The whole series is dedicated for her survival through many ordeals that would have dropped you and me dead. But Viv takes it like a normal thing and praises Lord for all of it. Just like females do. So I hope woman especially love Jane's story and gives them inspiration, because that was my main intention with this story. In the next book, Jane's story changes quite a bit.


----------



## ctg (Sep 21, 2017)

By the way, you are looking at Jane and Sergeant Red at the front cover. It was produced by Jackie Felix in course of one week and I hope you guys like even though it doesn't feature many elements I wanted to see in the cover. You can find her ladies at Jackie Felix - Artstation


----------



## Vertigo (Sep 21, 2017)

Just an observation @ctg. Looking at the Amazon entry you have credited Jackie Felix as "illustrator" now on the assumption that the only illustration is the cover I would put "cover illustrator." The reason I make this suggestion is that when I see an illustrator being credited alongside the author I make the assumption that it is a graphic novel and, as it happens, I don't usually read them.
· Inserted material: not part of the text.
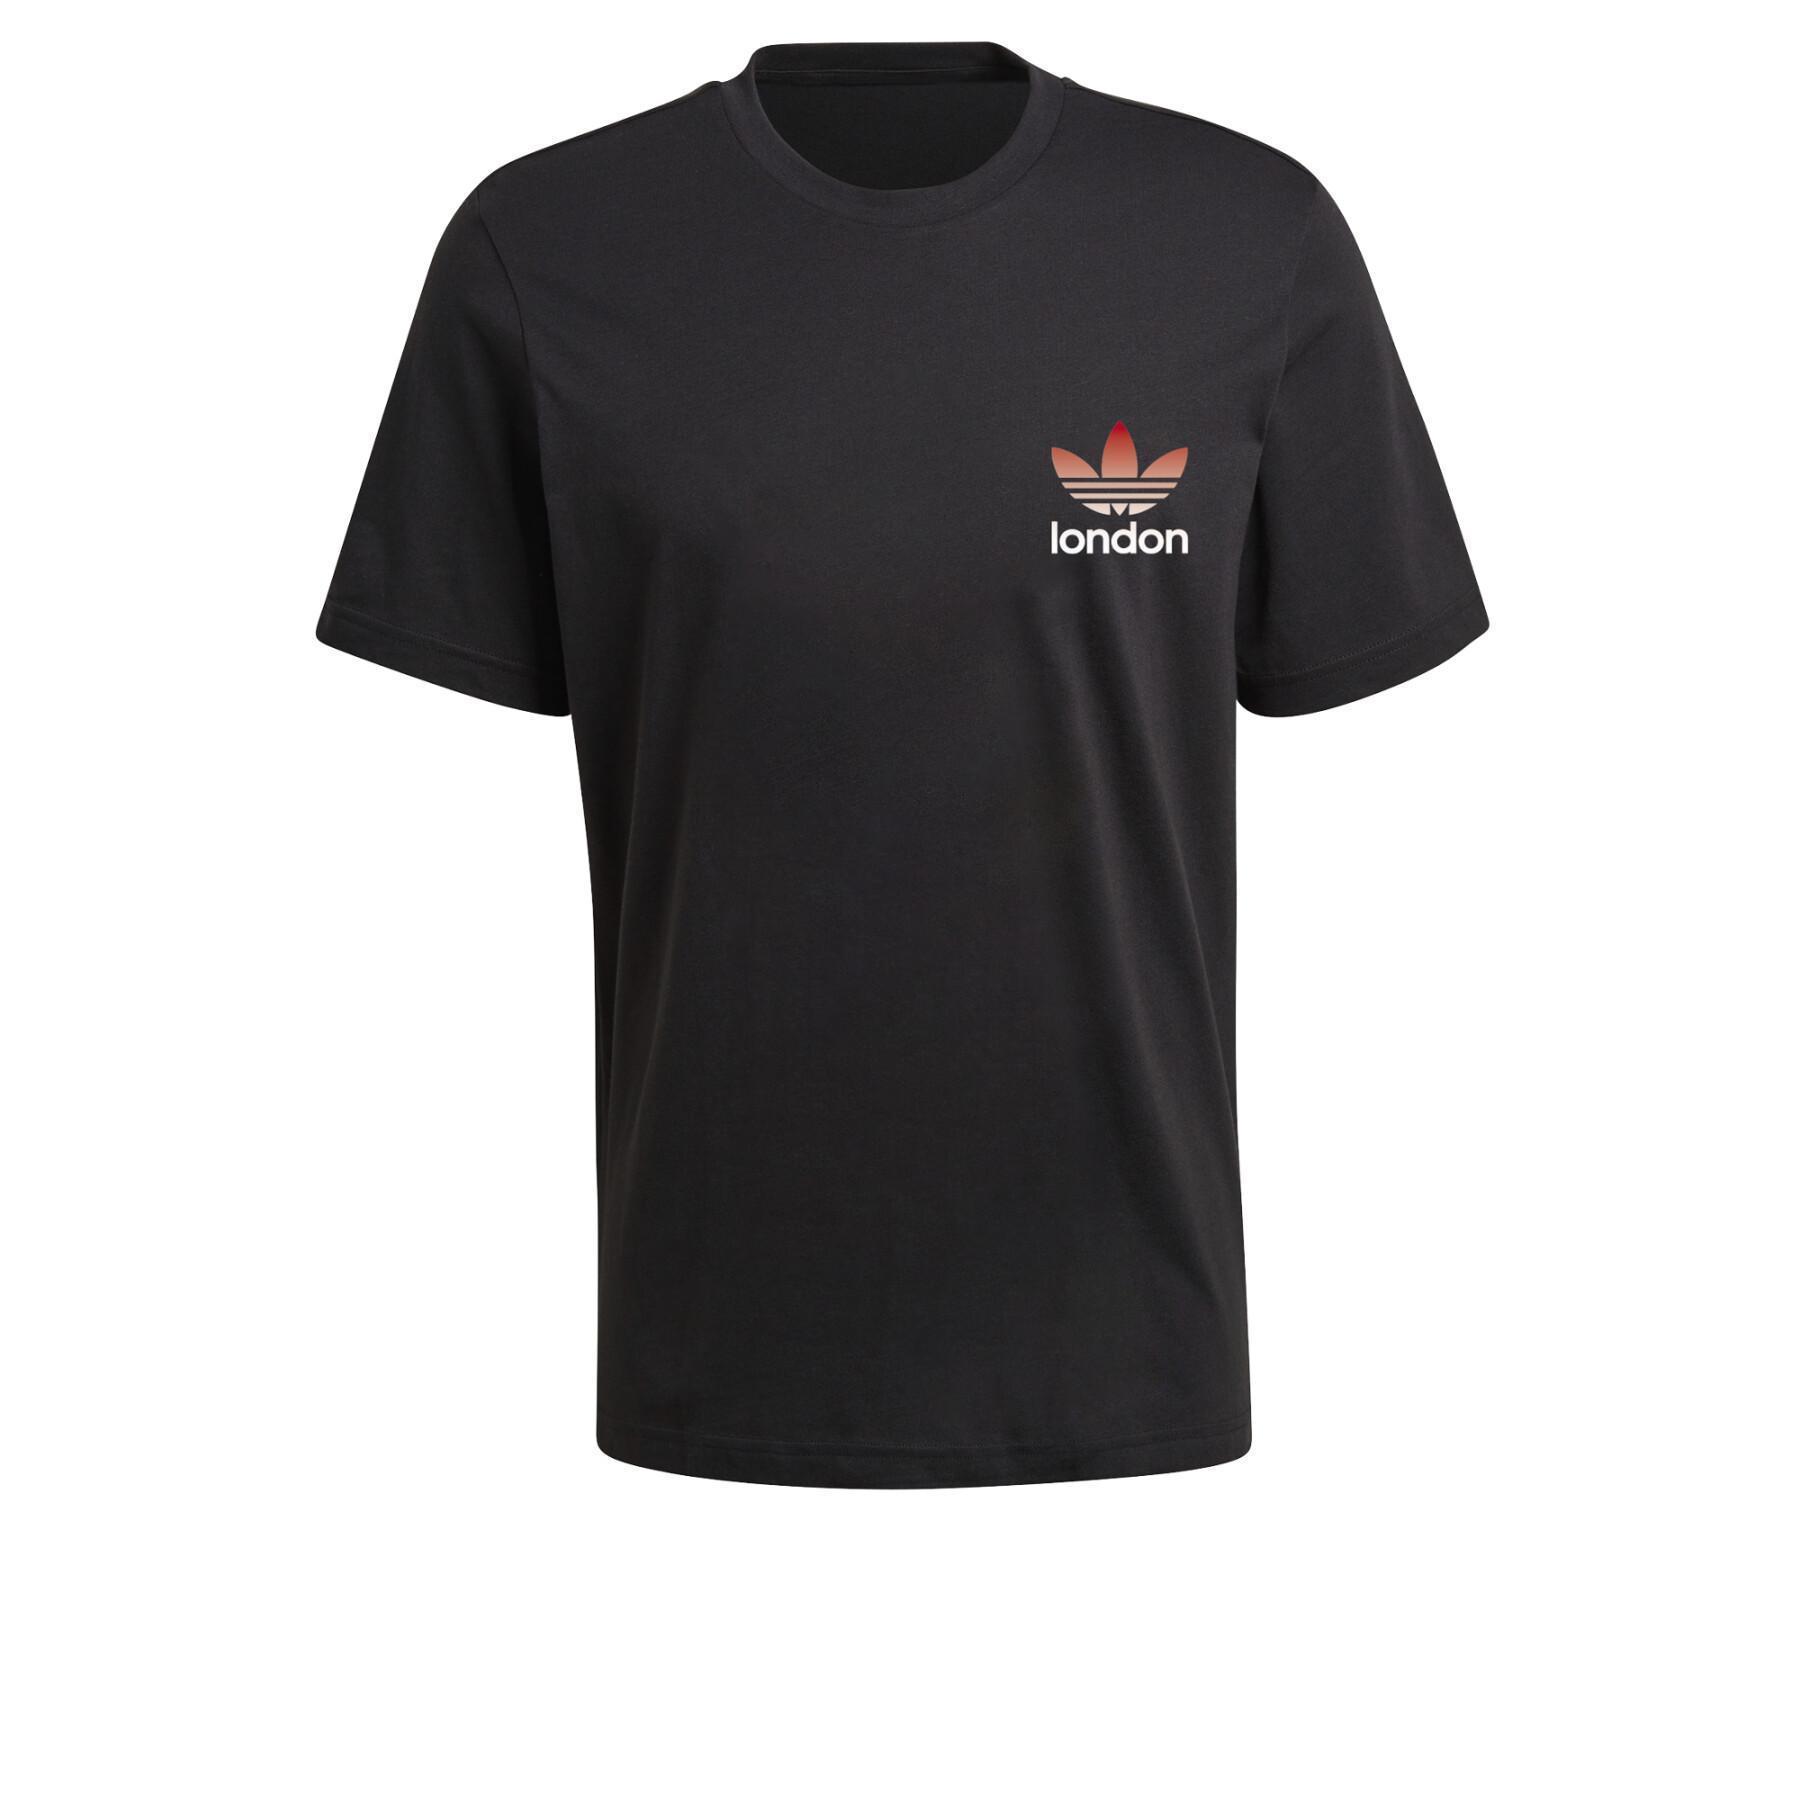 T-shirt adidas Originals London Trefoil 2

If I'm wrong and it is in fact an illustrated novel then I apologise for my incorrect assumption. As I say, just an observation .

Oh and congratulations!


----------



## ctg (Sep 21, 2017)

Vertigo said:


> Felix as "illustrator" now on the assumption that the only illustration is the cover I would put "cover illustrator." The reason I make this suggestion is that when I see an illustrator being credited alongside the author I make the assumption that it is a graphic novel and, as it happens, I don't usually read them.
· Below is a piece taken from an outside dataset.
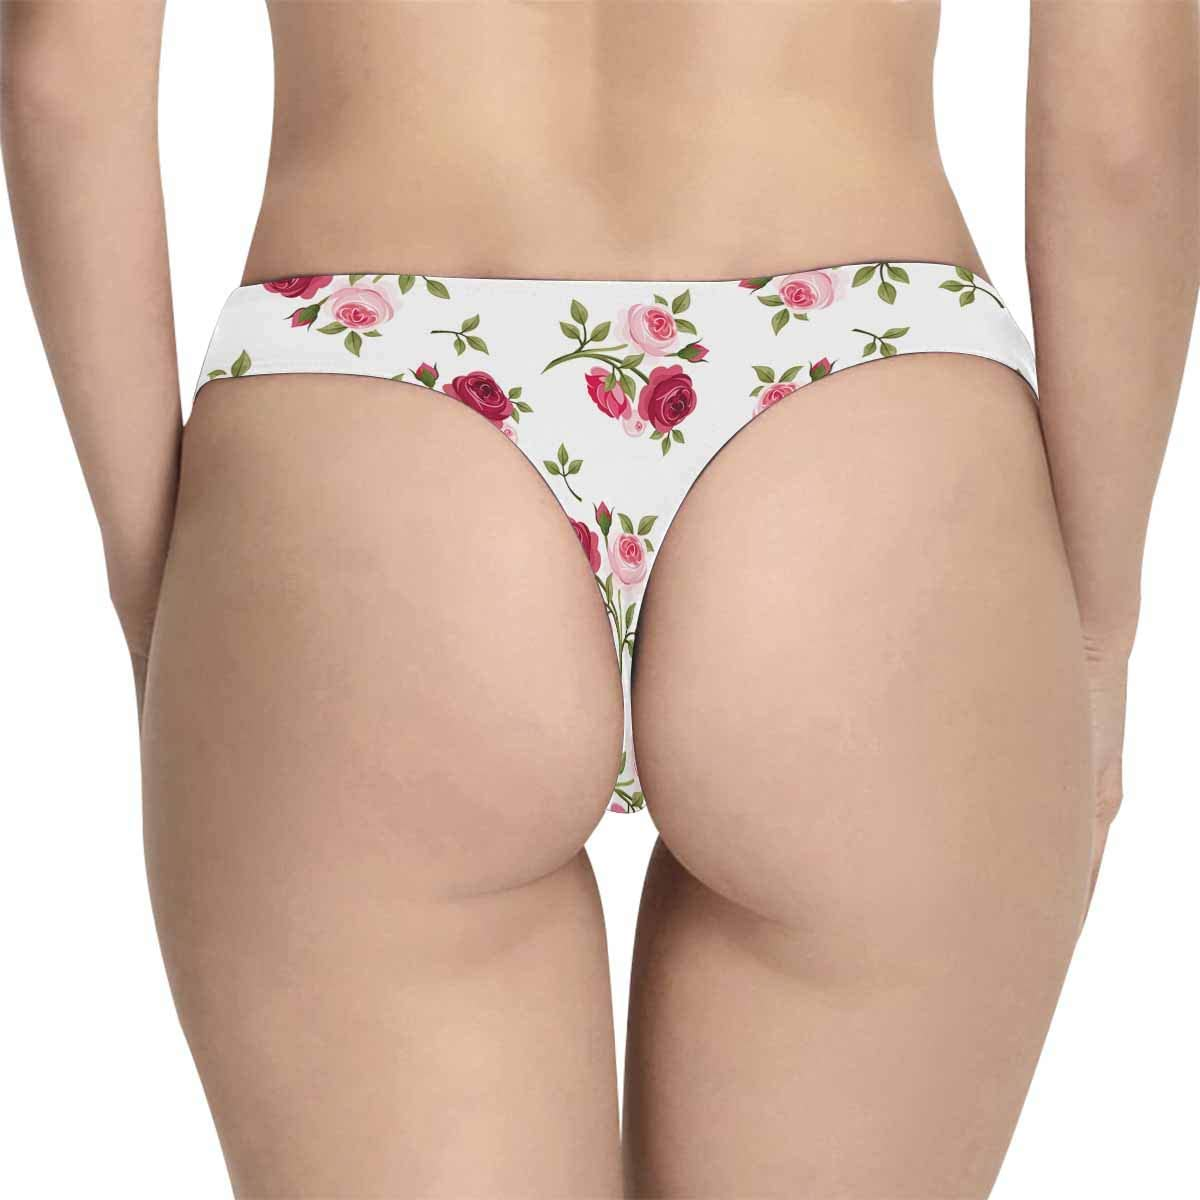 INTERESTPRINT Womens Underwear Panties Soft Thongs Red and Pink Roses

They don't have cover illustrator or copy-editor in their selection. Amazon or Smashwords isn't fully finalised as a digital copy publishers. Both of them have a lot of stuff that they haven't even thought about, because all of these things are important in our changing digital reality. So in a way they're behind the design curve or then we haven't advanced enough to recognise that these professions are as important as movie credits. 

Book production business is a small team operation. And it should be a very close relationship between the editor, the copy-editor and the artist. All which should know each other as it is with the comics. It's the artist business that the Hollywood and the Gaming Industry has captured, but still, if you look at the modern products, especially in self-pubbed side the writer has to do the role of an art manager as well.
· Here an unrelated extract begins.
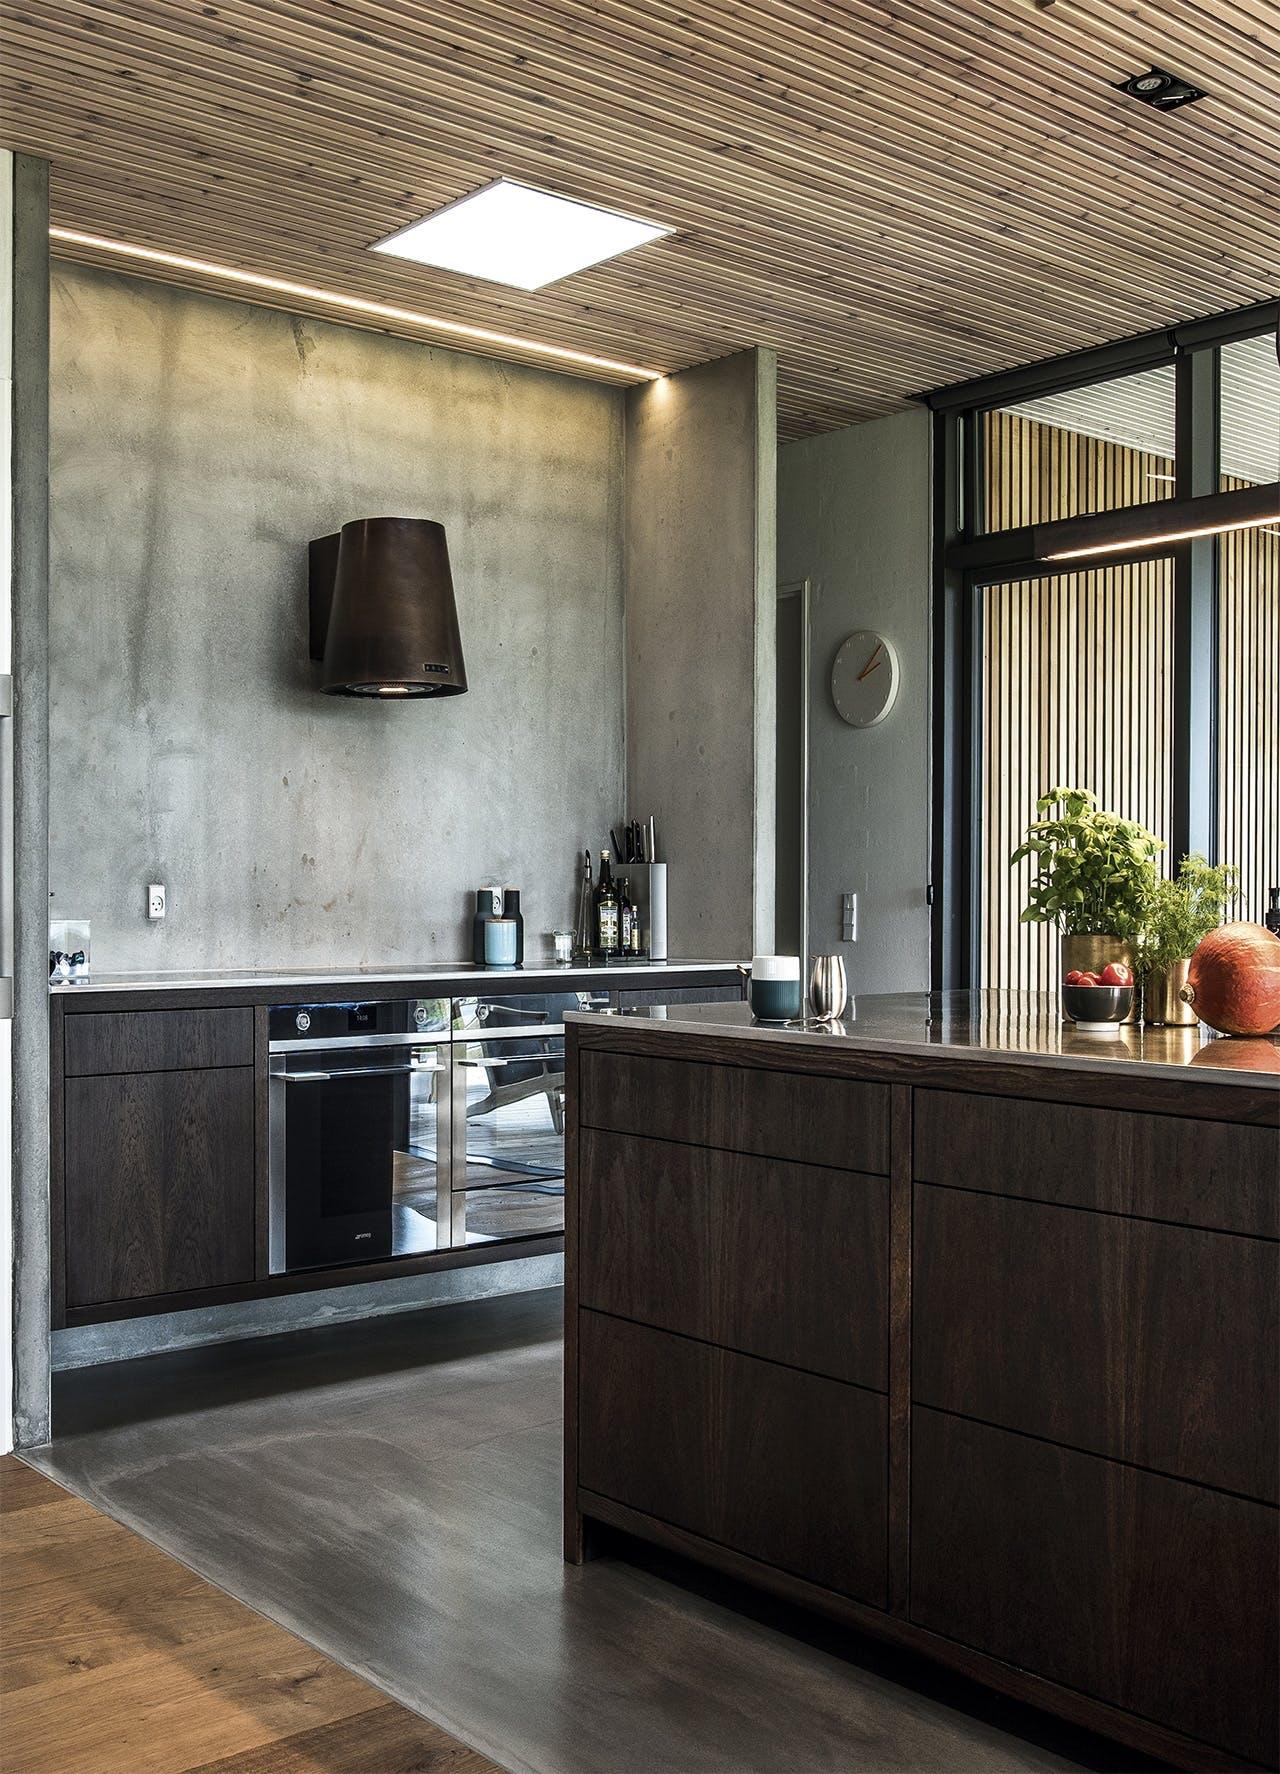 bolig boliger indretning arkitekttegnet huse køkken snedker køkken

It's a whole new set of skills that I've yet to master. 

I might drop her from the credits, if Amazon cannot change their categories.


----------



## Phyrebrat (Sep 21, 2017)

Congratulations! Best of all luck with it. 

pH


----------



## Vaz (Sep 21, 2017)

Best of luck with the book

v


----------



## ctg (Sep 21, 2017)

Thank you so much. I haven't got so many likes in one post for a long time. <3 <3 <3


----------



## Brian G Turner (Sep 21, 2017)

It's a great cover, @ctg - kudos for that.


----------



## Gary Compton (Sep 21, 2017)

Best of luck CTG. It's been a long time coming.


----------



## ctg (Sep 21, 2017)

Brian G Turner said:


> It's a great cover, @ctg - kudos for that.



Thank you. Boneman can tell you everything about my ambitious visions. He had unfortunate role as my editor to go through two and half years of search. We were even prepared to go down with one made from stock images. 



Gary Compton said:


> It's been a long time coming.



Well, I've written a trilogy in meantime and battled through horrific times with Viv being in God's hands because there was nothing Doctors could do. A lot of darkness comes from those times. Not because I'm a horror writer. First Interview mixed science fiction with urban dark fantasy that is situated on London streets.


----------



## Jo Zebedee (Sep 21, 2017)

Good luck with it - Jane is a truly memorable character xx


----------